Владимир Джанибеков: Должен сказать об энтузиазме Владимира Никитского и Саши Загребельного. Они обладали такой мощной энергетикой, что даже Владимир Шаталов, тогда помощник главкома ВВС, не мог им аргументированно возражать. Сомневающихся, действительно, хватало. Шаталов приходил к нам на тренировки и делал какие-то записи, особенно если проходил какой-то сбой. И по лицу было видно, что он ярый противник этой затеи.

Американцы настороженно отнеслись к электронному лучу в вакууме. Ведь для рентгеновской пушки в медицинском учреждении используется специальная защита. Тех материалов, которые могли бы снизить воздействие вредного рентгеновского излучения, просто не было. Но скафандр обеспечивал достаточно хорошую защиту.

Президент Американского общества по сварке (AWS) вынужден был признать наш приоритет.

В киевском институте создали лазерные инструменты, которые режут, паяют, сваривают. С их помощью можно строить в космосе все что угодно. Лазерные хирургические инструменты позволяют оперировать внутренние органы без крови. Мы пытались заинтересовать ими нашу медицину, но, к сожалению, не получилось.

Вы помните, как выходил в открытый космос китайский тайконавт? То ли он сам вышел, то ли его за ноги там подняли из люка. Он поставил телекамеру, затем по бумажке прочитал текст, жестикулируя одной рукой. Потом чувствуется, что его втягивают внутрь, и он едва успевает снять телекамеру, как люк закрыли. Все, выход совершен! Я вспоминаю, как они входят в свою станцию — крадучись, как партизаны, «по-пластунски», аккуратненько берутся за резиновые лямочки… А наши космонавты, как только попадают в станцию, начинают кувыркаться.

Француз Жан-Лу Кретьен пришел в восторг, когда увидел, как Анатолий Березовой рыбкой, не касаясь стен и люков, пролетел сквозь всю станцию, влетел в транспортный корабль и назад.
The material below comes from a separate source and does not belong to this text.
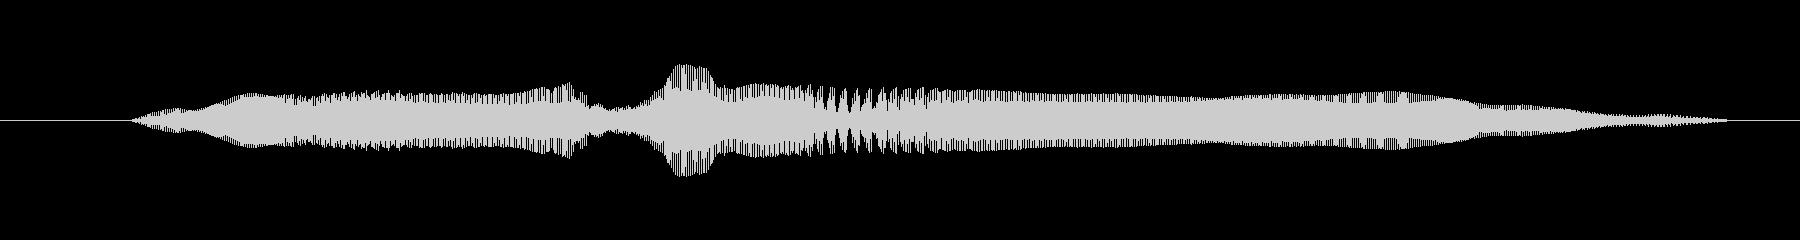 ドワーフ 応援W湖10の未再生の波形

Кретьену захотелось за ним повторить. Мы с Иванченковым сидим в нашем транспортном корабле, Березовой с Лебедевым на центральном пульте контролируют орбиту и ориентацию. Жан-Лу закончил медицинский эксперимент, убрал аппаратуру и решил полетать. А в это время мы включили двигатель — мы же не знали, что задумал Кретьен. Березовой с Лебедевым пригнулись, потому что над ними навстречу нашему импульсу пролетает Жан-Лу и с грохотом ударяется о стенку. Я подумал: «Что же в невесомости могло так упасть?» Смотрю, Жан-Лу потирает ушибы. К счастью, испытатель из Франции ничего не поломал, но ему было очень больно.